Er sah, daß diese Genossenschaft nur ein Anker werden sollte zur Errettung vor der Selbstverachtung. Nikolay Lewin sprach weiter:
„Du weißt ja, daß das Kapital den Arbeiter erdrückt. Die Arbeiter, die wir haben, die Bauern, tragen alle Last der Arbeit und sind so gestellt, daß sie, wie viel sie auch immer arbeiten mögen, nicht aus ihrer Stellung als menschliche Tiere herauskommen können.
„All den Gewinn des Arbeiterlohnes, für den sie ihre Lage verbessern, und sich auch eine Ruhezeit gönnen könnten und infolge davon auch eine Bildung – all den Überschuß dieses Ertrags nehmen ihnen die Kapitalisten hinweg. Die Gesellschaft ist jetzt so eingerichtet, daß die Kaufleute, die Gutsherren umsomehr zu genießen haben, je mehr jene arbeiten, und sie werden stets arbeitendes Ackervieh bleiben. Diese Einrichtung aber muß geändert werden,“ – schloß Nikolay und blickte dabei fragend auf den Bruder.

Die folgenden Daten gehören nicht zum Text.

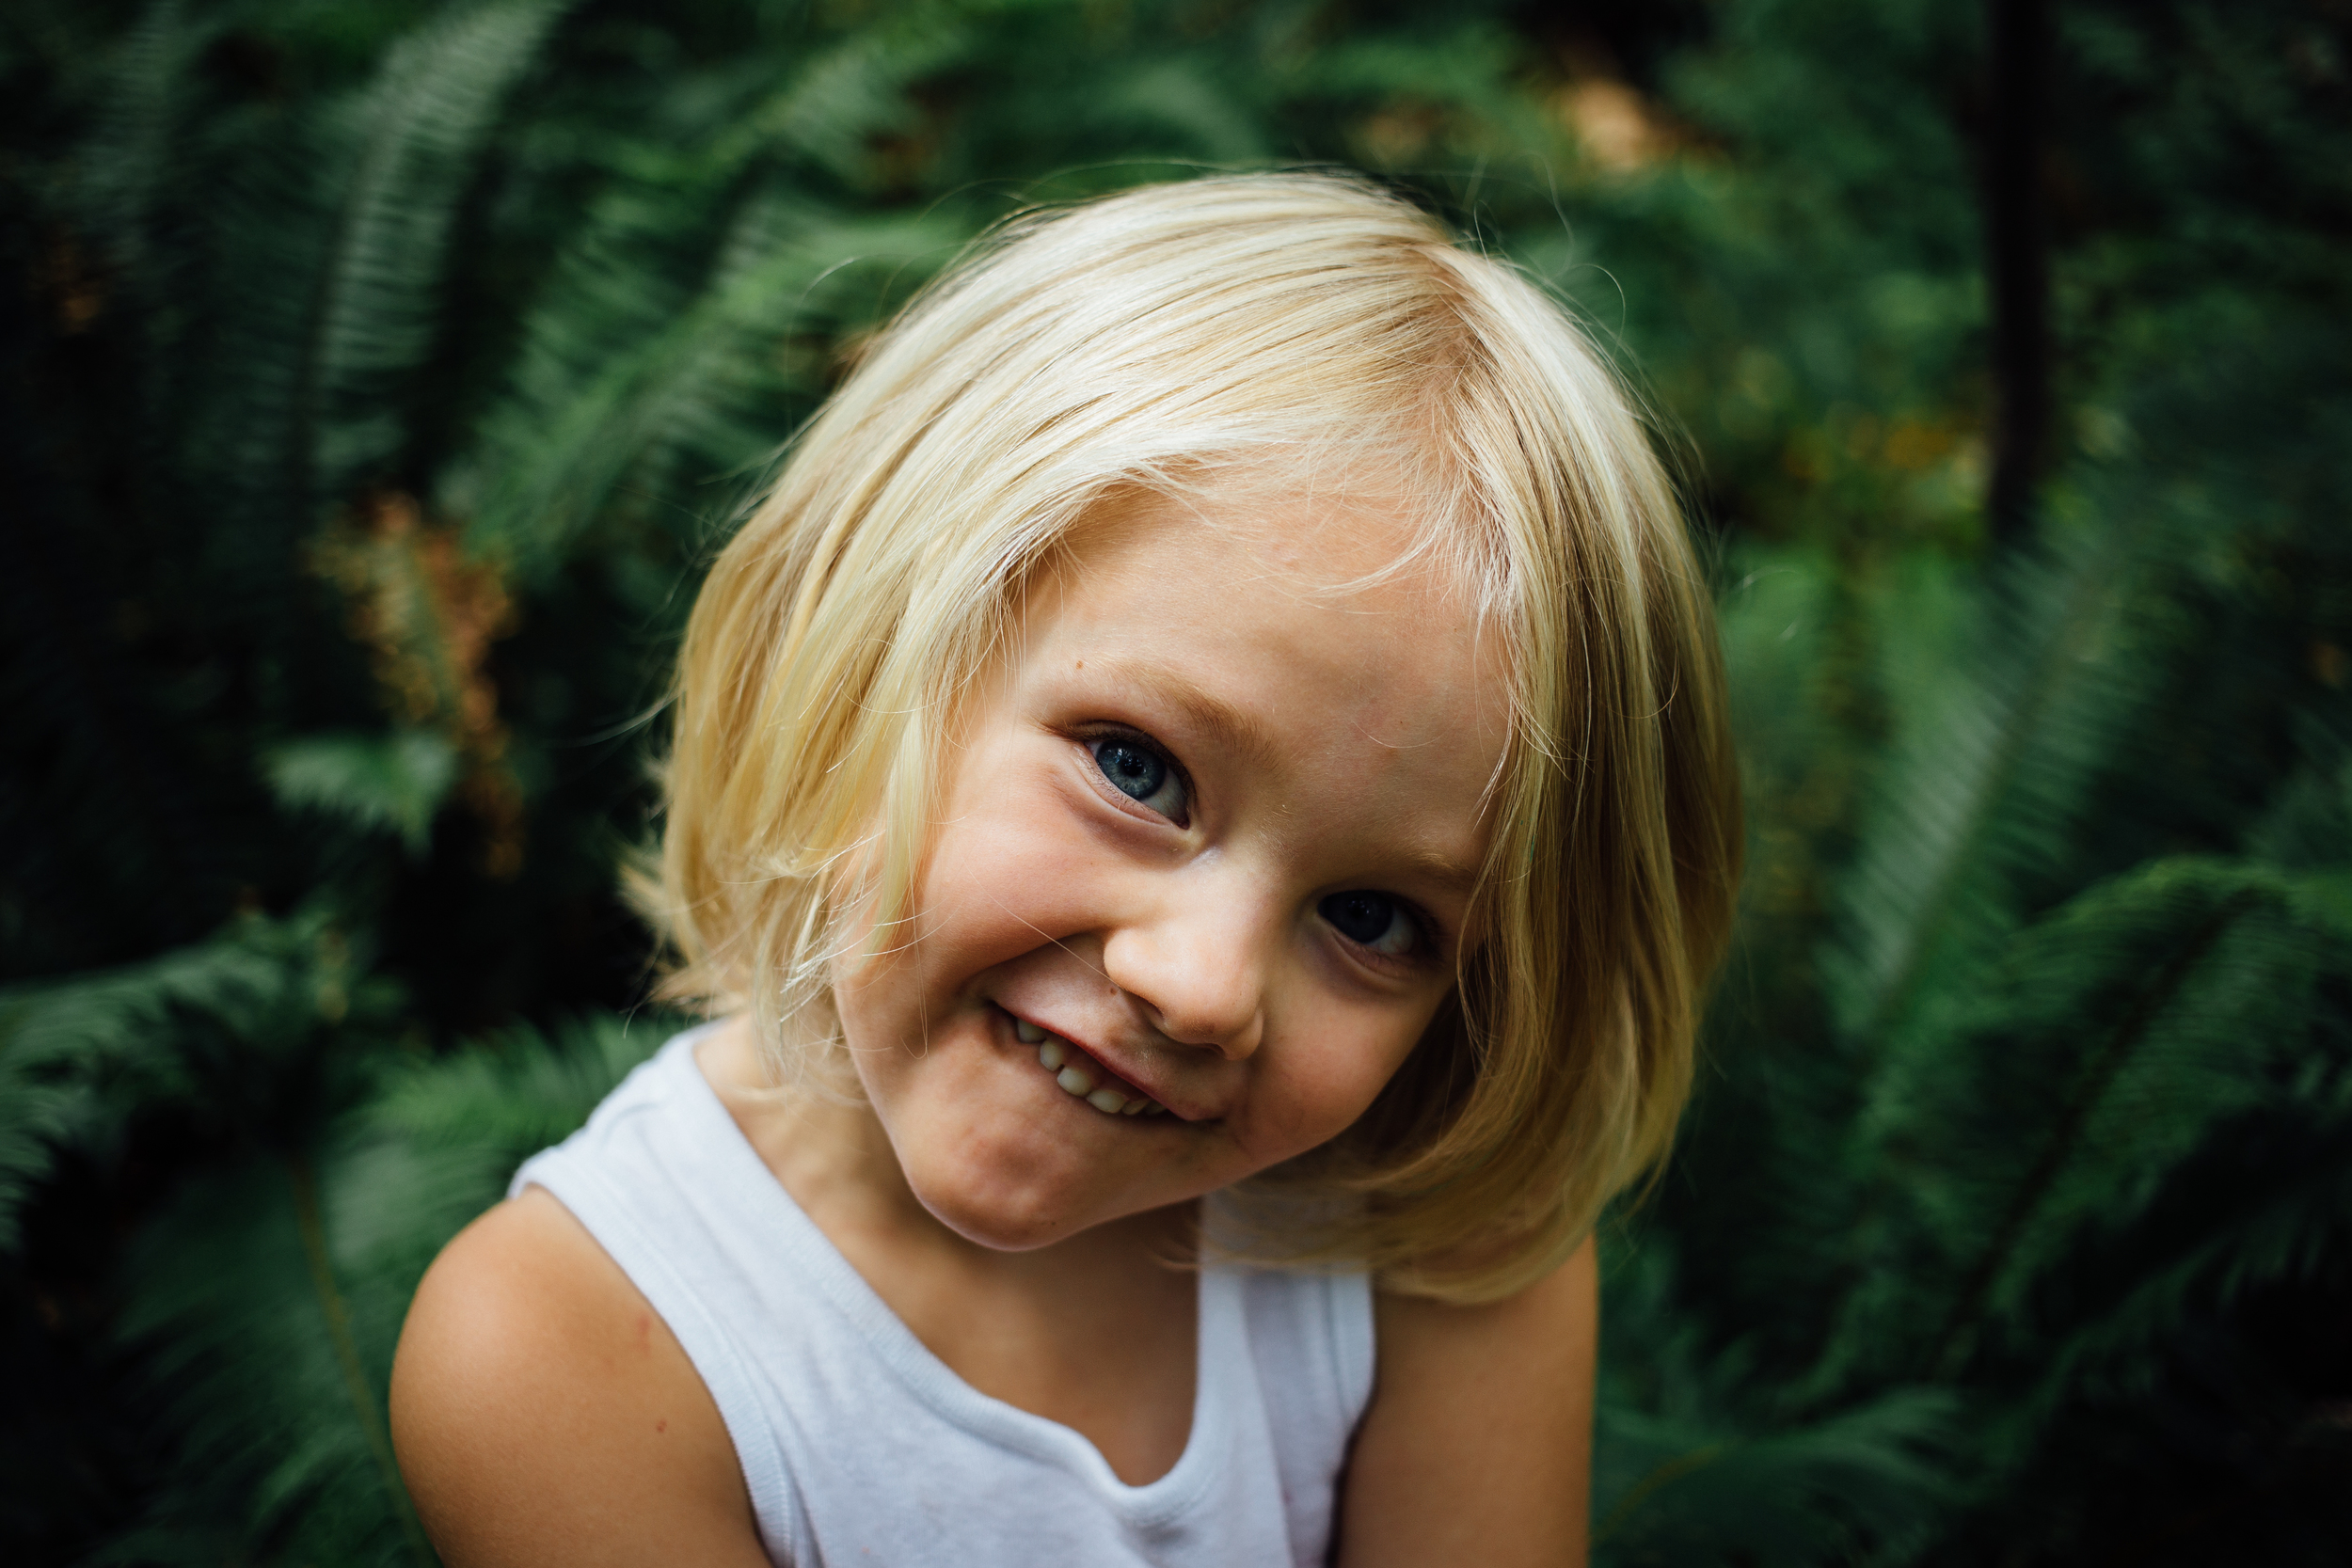 dogwoodphotography_photographer_vancouver_child_roosbday-18.jpg

„Natürlich,“ versetzte dieser mit einem Blick auf die Röte, welche auf den hervorstehenden Backenknochen des Bruders erschienen war.
„Wir wollen nämlich eine Schlossergenossenschaft errichten, in welcher alle Erzeugnisse und der Ertrag, sowie die hauptsächlichsten Instrumente zur Arbeit, gemeinsam sein sollen.“
„Und wo soll diese Arbeitergesellschaft ihren Sitz haben?“ frug Konstantin Lewin.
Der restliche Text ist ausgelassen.